Monosaccharide Analysis by HPAEC

  • Neutral and amino sugars (fucose, xylose, Arabinose, N-acetylgalactosamine, N-acetylglucosamine, galactose, glucose and mannose) and sialic acids (N-acetylneuraminic acid and N-glycolylneuraminic acid) from mammalian and bacterial glycoproteins are analyzed by High Performance Anion Exchange Chromatography with Pulsed Amperometric Detection (HPAEC-PAD).
  • As low as 15 picomoles neutral and amino sugars or 120 picomoles sialic acids could be detected by HPAEC-PAD.
  • About 100-150 micrograms of a glycoprotein subjected to acid hydrolysis is adequate for monosaccharide/sialic acid analysis.

Monosaccharide Analysis by GC-MS

  • The method of choice, if the glycoprotein is of plant or bacterial origin because of its MS capability for determining more and unique/uncommon monosaccharide residues.
  • Methyl glycosides produced by acid hydrolysis are derivatized with TMS reagent and analyzed by CCRC’s Agilent 7890 GC-MS instruments.
  • Data can be obtained from 100 μg of pure carbohydrate material (~1 mg or more as glycoprotein material).

Glycosyl Linkage Analysis by GC-MS


To determine the positions of linkage of glycosyl residues in an oligosaccharide, polysaccharide, or glycoprotein. The linkage of the residues, including percentage of each, is provided with this analysis.

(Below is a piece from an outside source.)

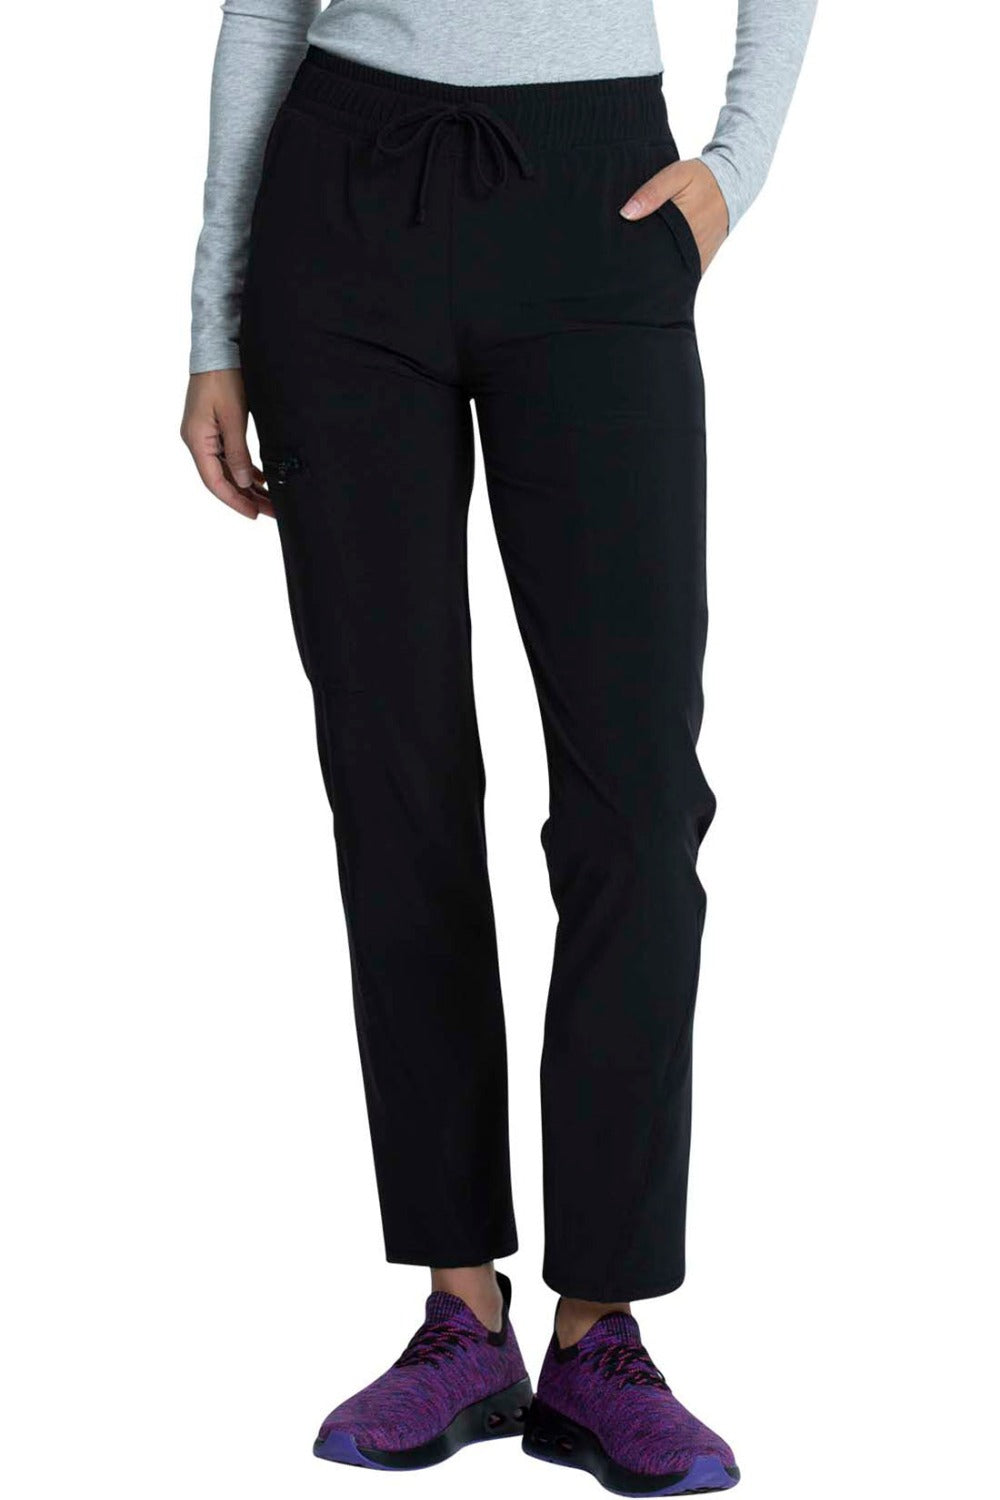 Cherokee Allura Tall Scrub Pant Mid Rise Tapered Leg Drawstring in Black at Parker's Clothing and Shoes.

Linkage analysis of neutral, uronic acids or amino-residues (methylation analysis) – The polysaccharides or oligosaccharides are derivatized prior to GC-MS analysis. This procedure uses either the Hakomori, or NaOH base, for the permethylation procedure.

Amount required for sample analysis: A minimum of 100-200 micrograms of carbohydrate is required, more if available. Your sample must be pure usually free of salt and detergent.

Exoglycosidase Digestion

  • Exoglycosidase digestion is a strategy used for in-depth structural characterization of oligosaccharides.
  • Glycosyl sequence, linkage and anomeric configuration in glycans can be determined or confirmed by digestion with specific exoglycosidases.
  • First, glycans are released from a glycoprotein. Then the released glycans are treated with specific exoglycosidase enzymes such as neuraminidase, N-acetylhexosaminidase or alpha 1,6 mannosidase. Sequential removal of exterior residues is monitored by mass spectrometry.